House-Approved Statehood Bill Would Allow Election of a Representative, Two Senators

Washington, DC, Delegate Eleanor Holmes Norton speaks at a news conference on Capitol Hill, Tuesday, June 16, 2020. ©2020 © AP Photo/Andrew Harnik

The US House of Representative’s overwhelming vote today in favor of the admission of Washington, Douglass Commonwealth as the 51st US state affirms that Washington, DC residents are entitled to equal voting rights.

The House’s vote on H.R. 51 is the first time either chamber of Congress has meaningfully addressed DC residents’ longstanding deprivation of these rights. The district’s non-voting delegate to the House of Representatives, Eleanor Holmes Norton, has been pushing for passage of such legislation for decades.

DC residents do not have any voting representation in the US Congress and, though the district is now governed by a representative Council and mayor, its local laws are reviewed by Congress, which retains authority over its budget.

The International Covenant on Civil and Political Rights (ICCPR), which the US has ratified, provides that citizens have the right to “universal and equal suffrage.” The United Nations Human Rights Committee, the international expert body that interprets the ICCPR, has noted that this means that where people exercise power through representatives, the treaty requires that “those representatives do in fact exercise … power.” The DC Delegate has not had such power. Due to this situation, the Human Rights Committee in 2014 urged the US to “provide for the full voting rights of residents of Washington D.C.”

International human rights law does not specify how voting rights should be realized, but the House bill would satisfy its requirements, granting equal voting representation to DC residents through the election of two senators and a representative.

The persistent denial of equal voting rights in the city also reflects structural racism.

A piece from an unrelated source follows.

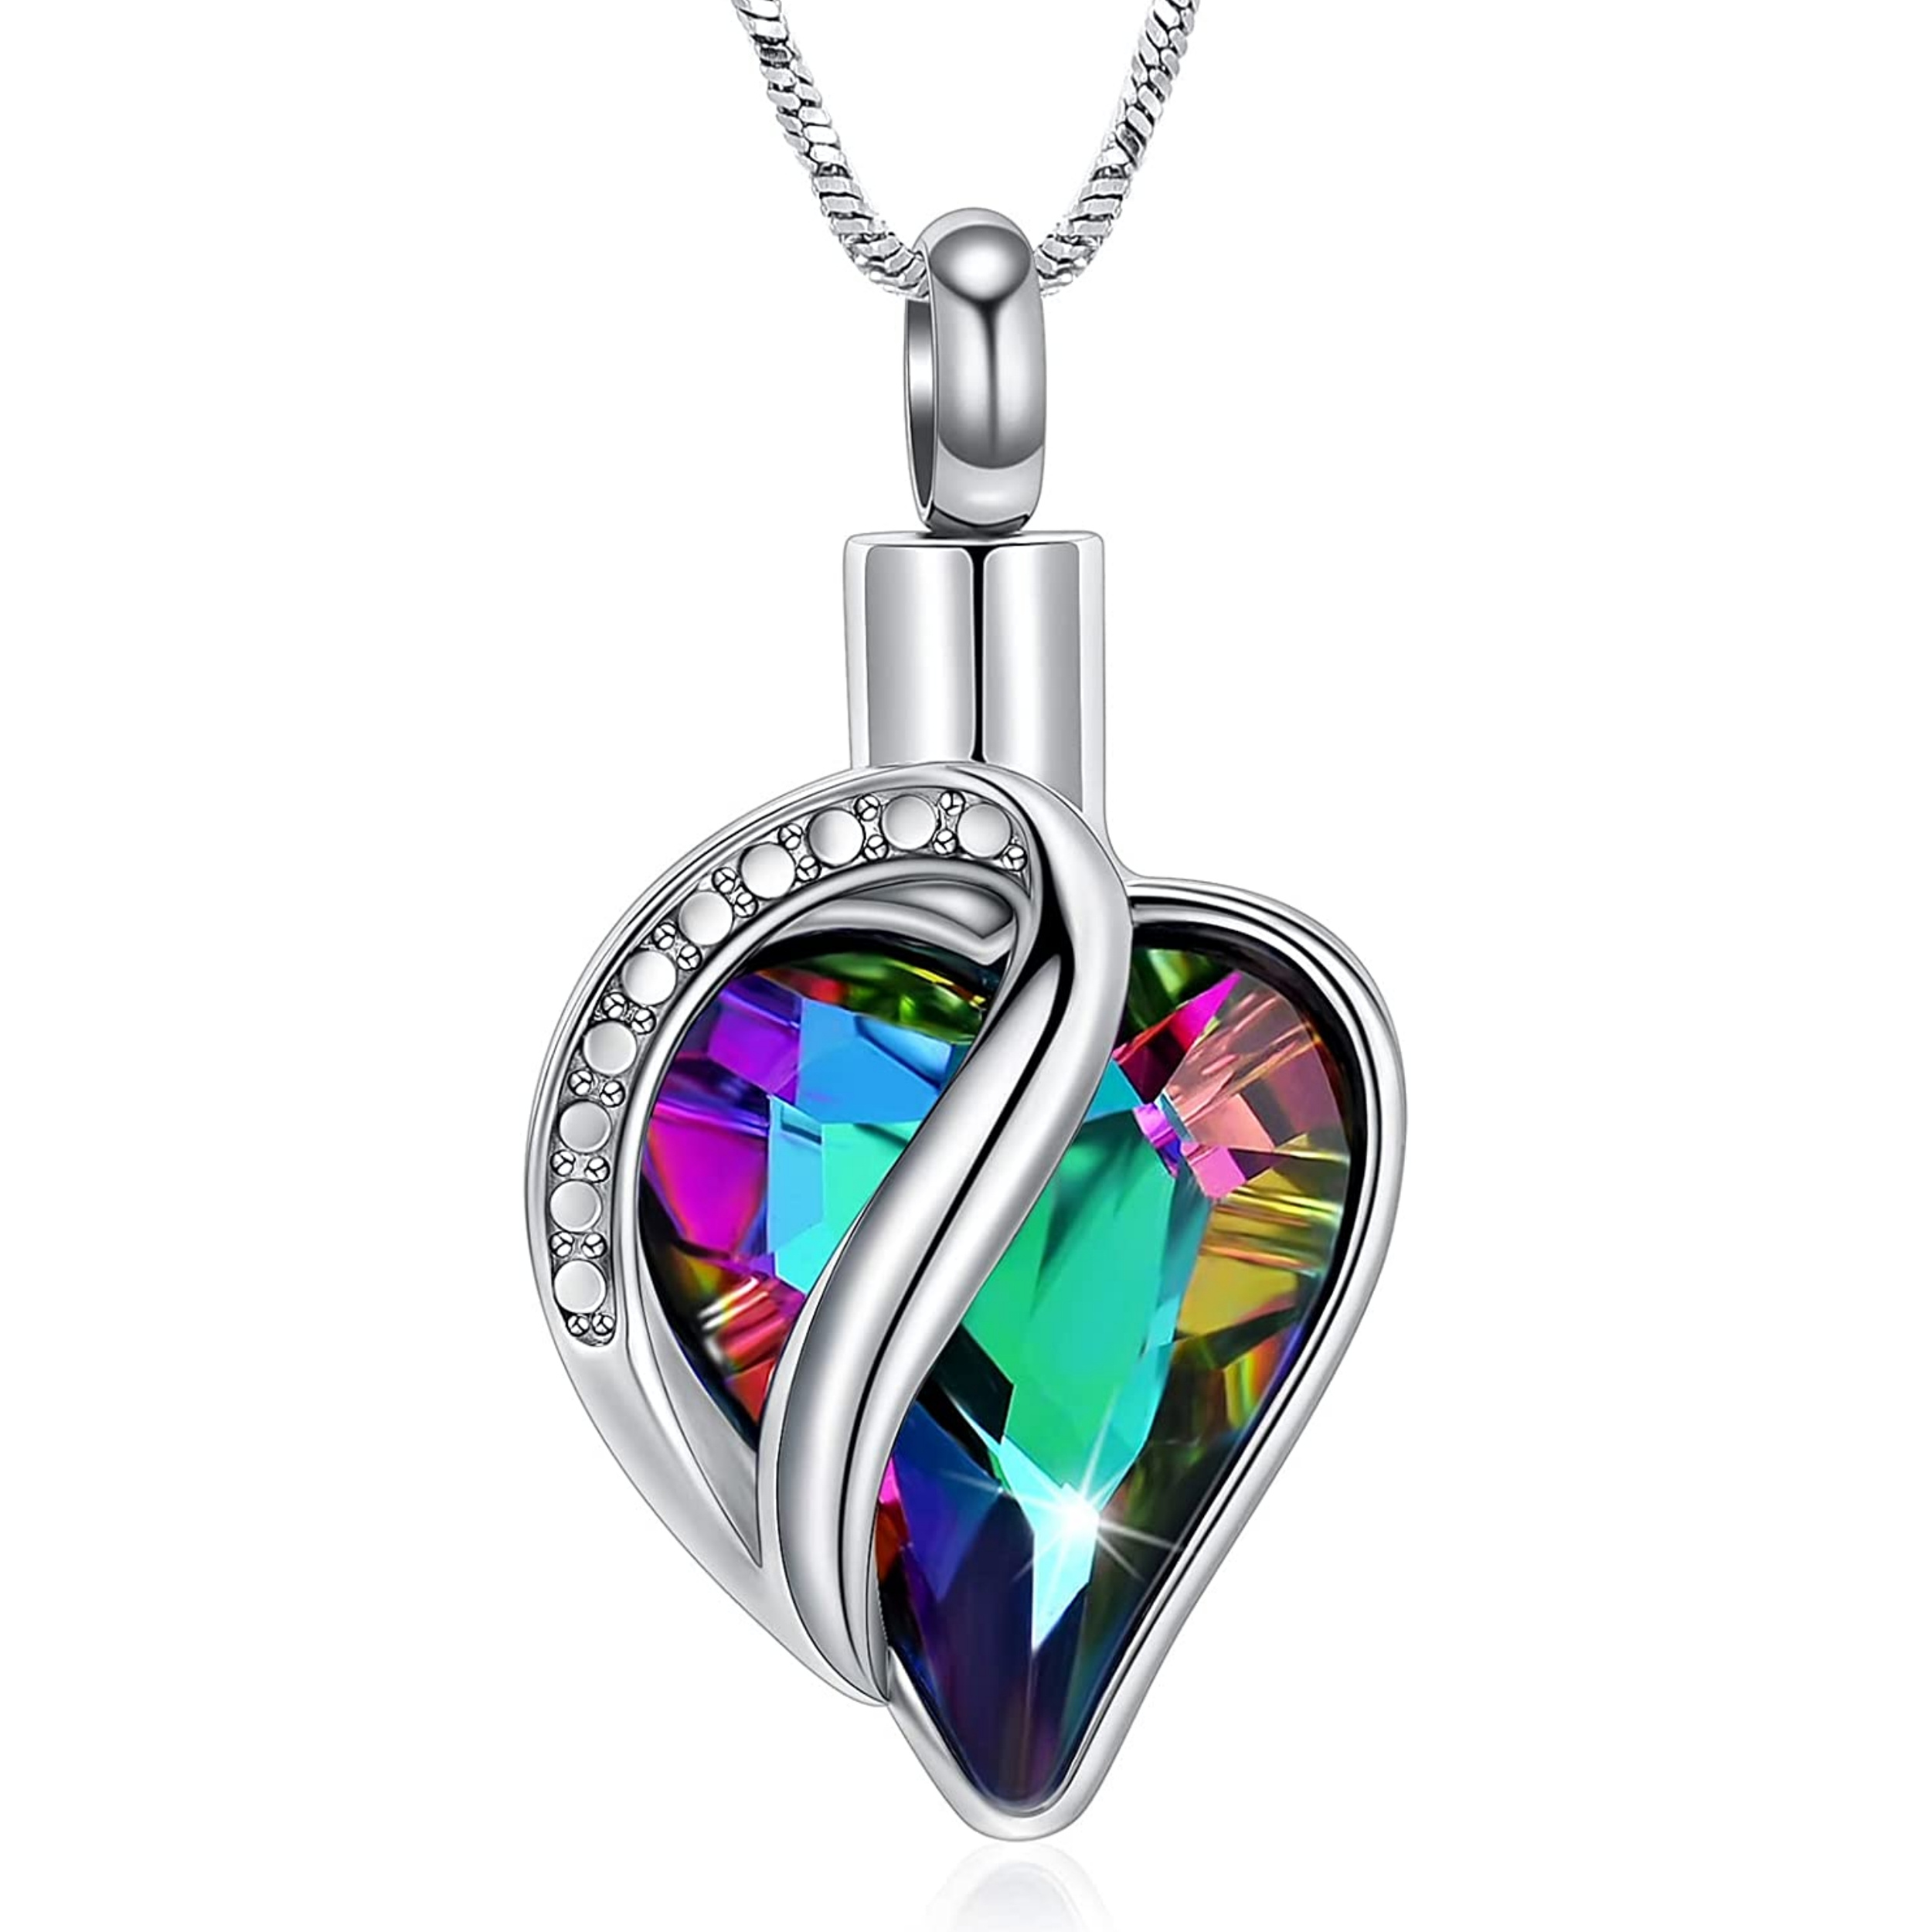 1pc infinity heart crystal love pendant necklace ashes hair storage keepsake necklace halloween gift ornament jewelry for men couples women sisters student memorial animal gifts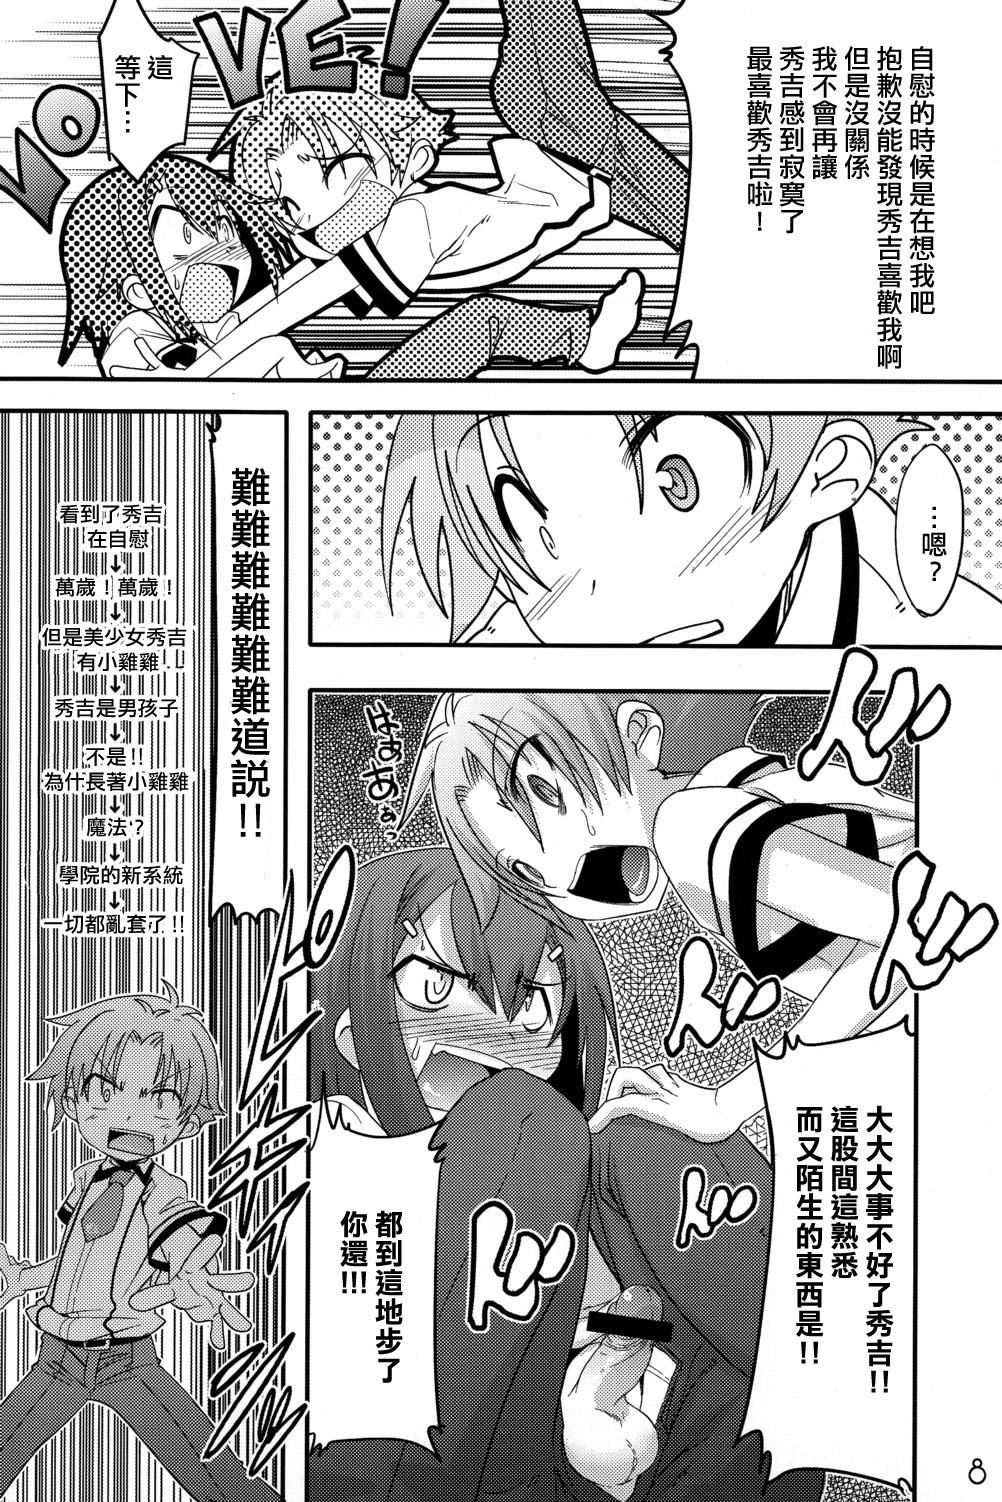 Russian Fortune Favours Fools - Baka to test to shoukanjuu Tamil - Page 7

Washington, DC has long been majority African American, and is nearly 50 percent Black.

President Donald Trump has indicated that he would veto the bill, though it is expected to stall in the Republican-majority Senate, where Majority Leader Mitch McConnell has previously said that it would not be brought to the floor for a vote.

The question of DC’s admission as the nation’s 51st state aside, US lawmakers on both sides of the aisle should realize its residents’ voting rights, and finally retire DC’s “Taxation without Representation” license plates.